» **Task item**: Transcribe everything in the listing below exactly, except the pictures.

:: Recorded data

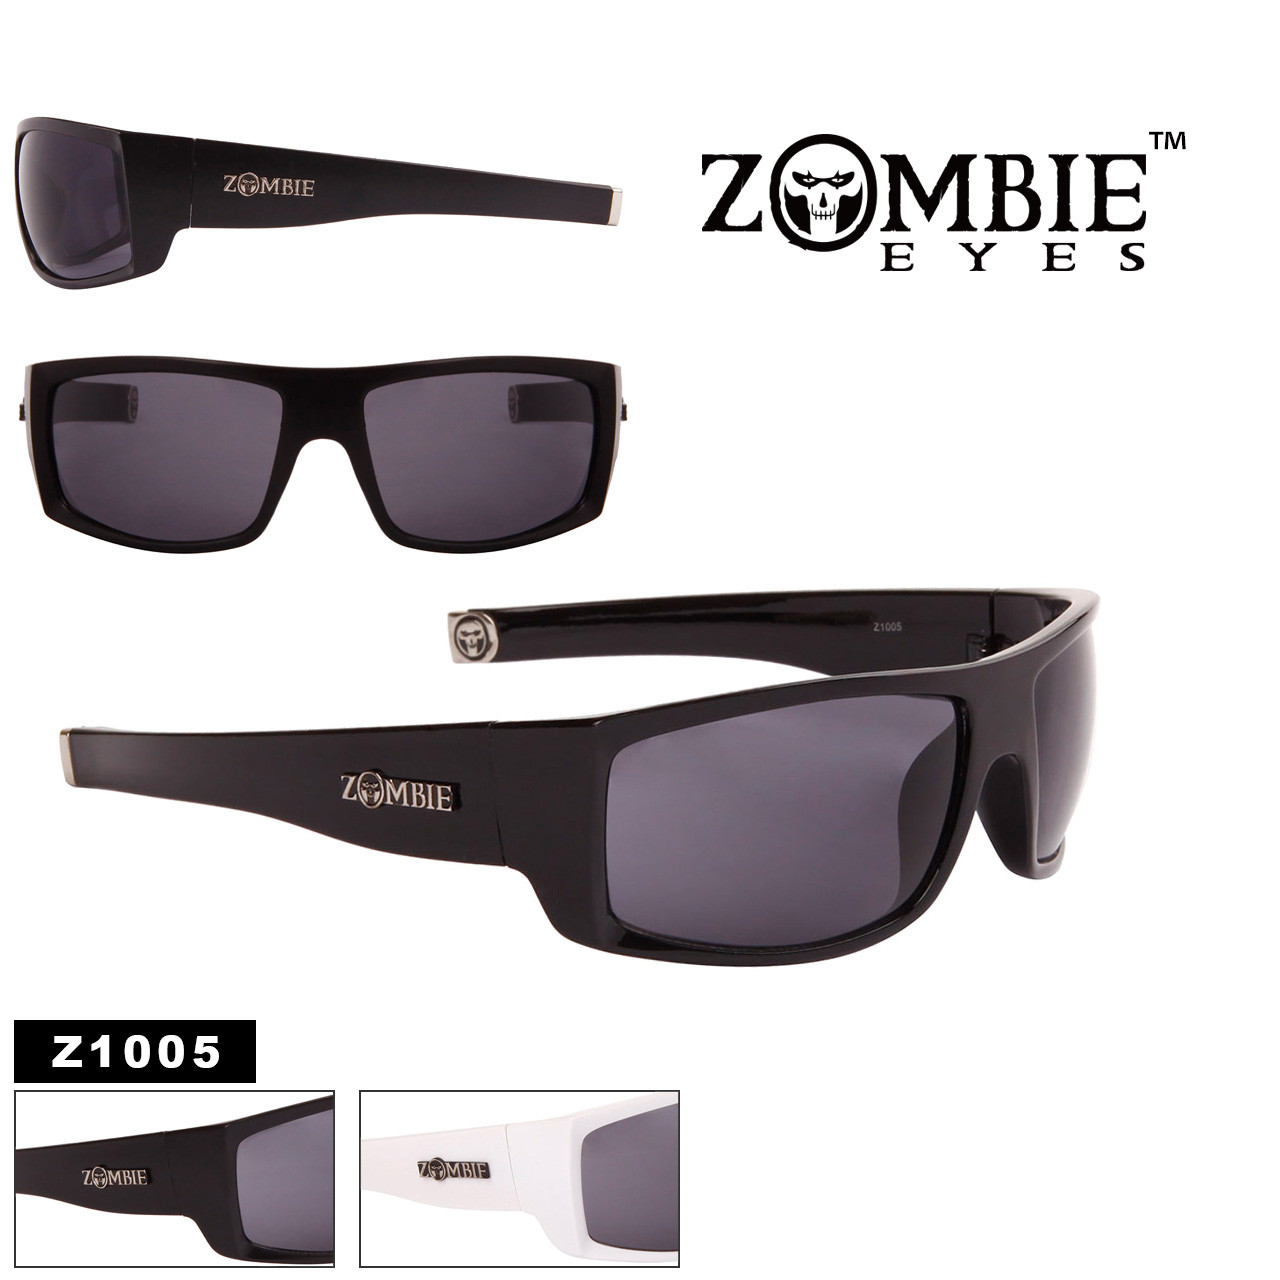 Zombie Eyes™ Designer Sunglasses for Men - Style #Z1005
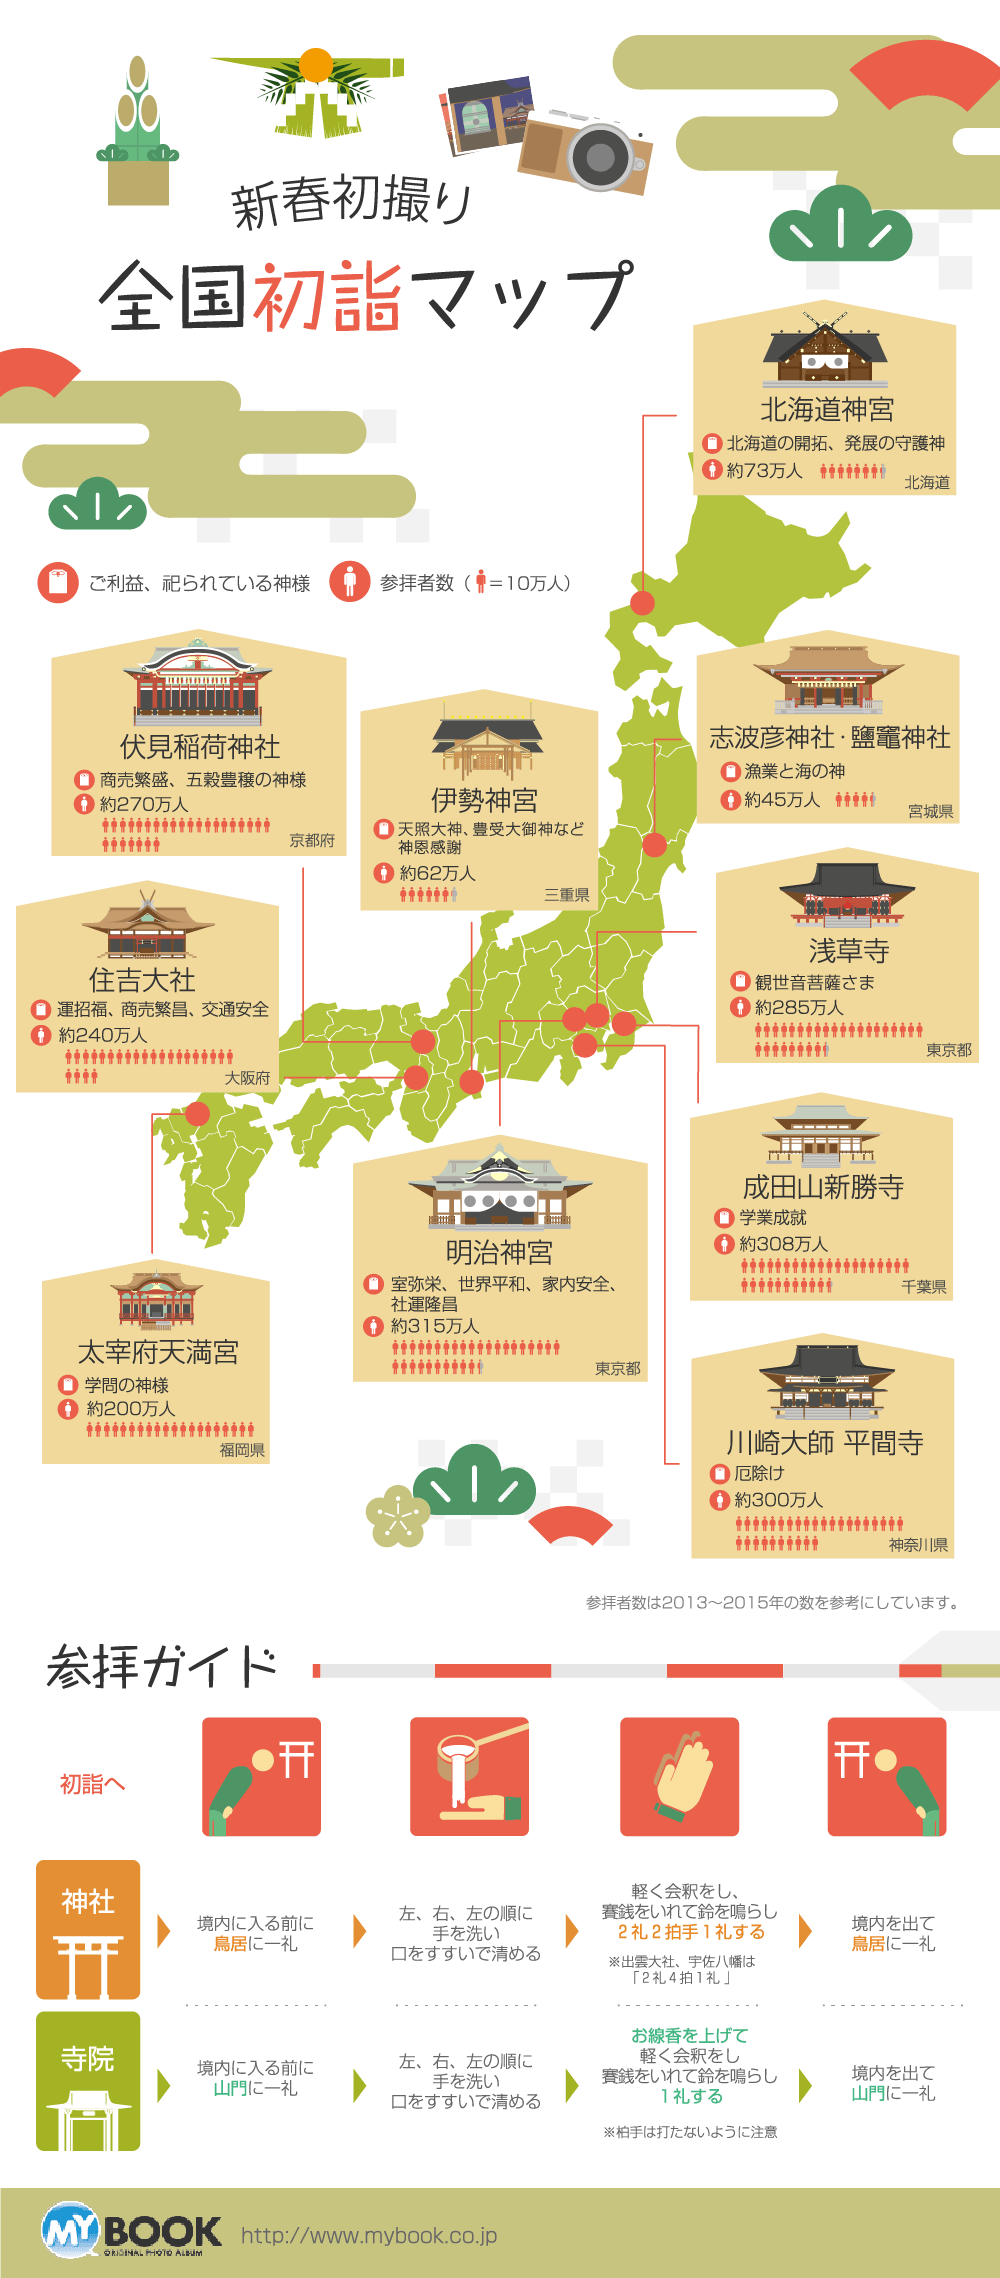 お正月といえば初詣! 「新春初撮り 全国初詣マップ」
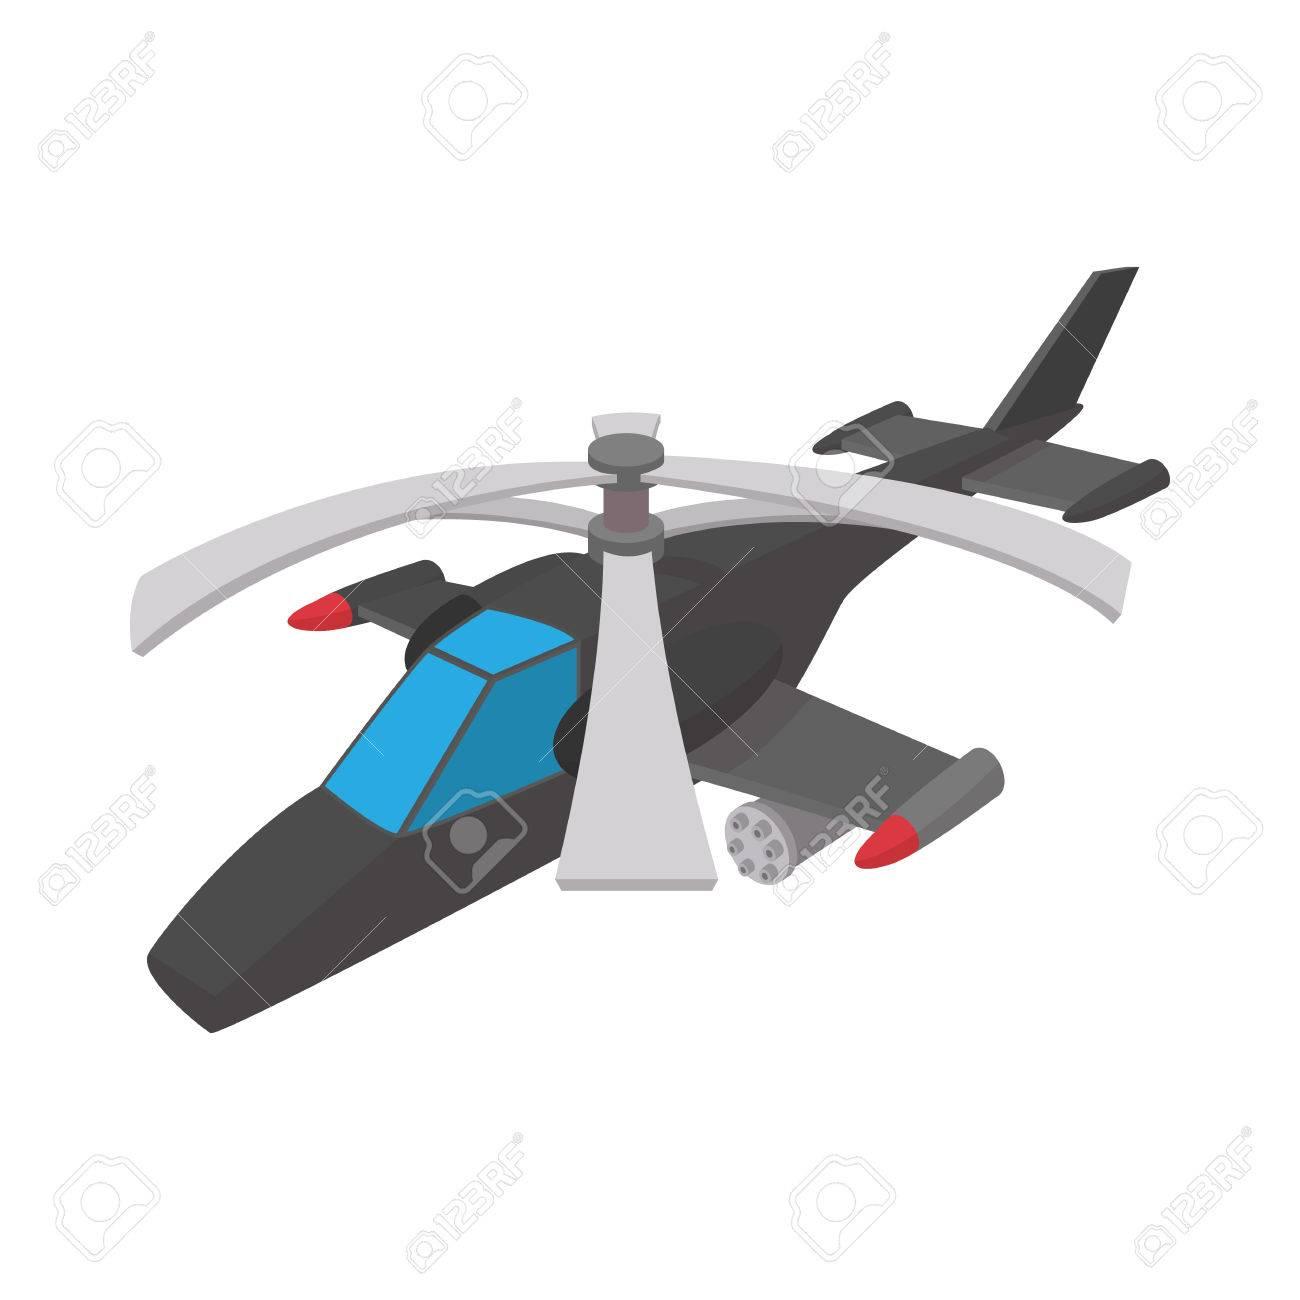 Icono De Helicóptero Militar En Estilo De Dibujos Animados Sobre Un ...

::::

» **Response area**:
 Zombie Eyes™ Designer Sunglasses for Men - Style #Z1005
 お正月といえば初詣! 「新春初撮り 全国初詣マップ」
 Icono De Helicóptero Militar En Estilo De Dibujos Animados Sobre Un ...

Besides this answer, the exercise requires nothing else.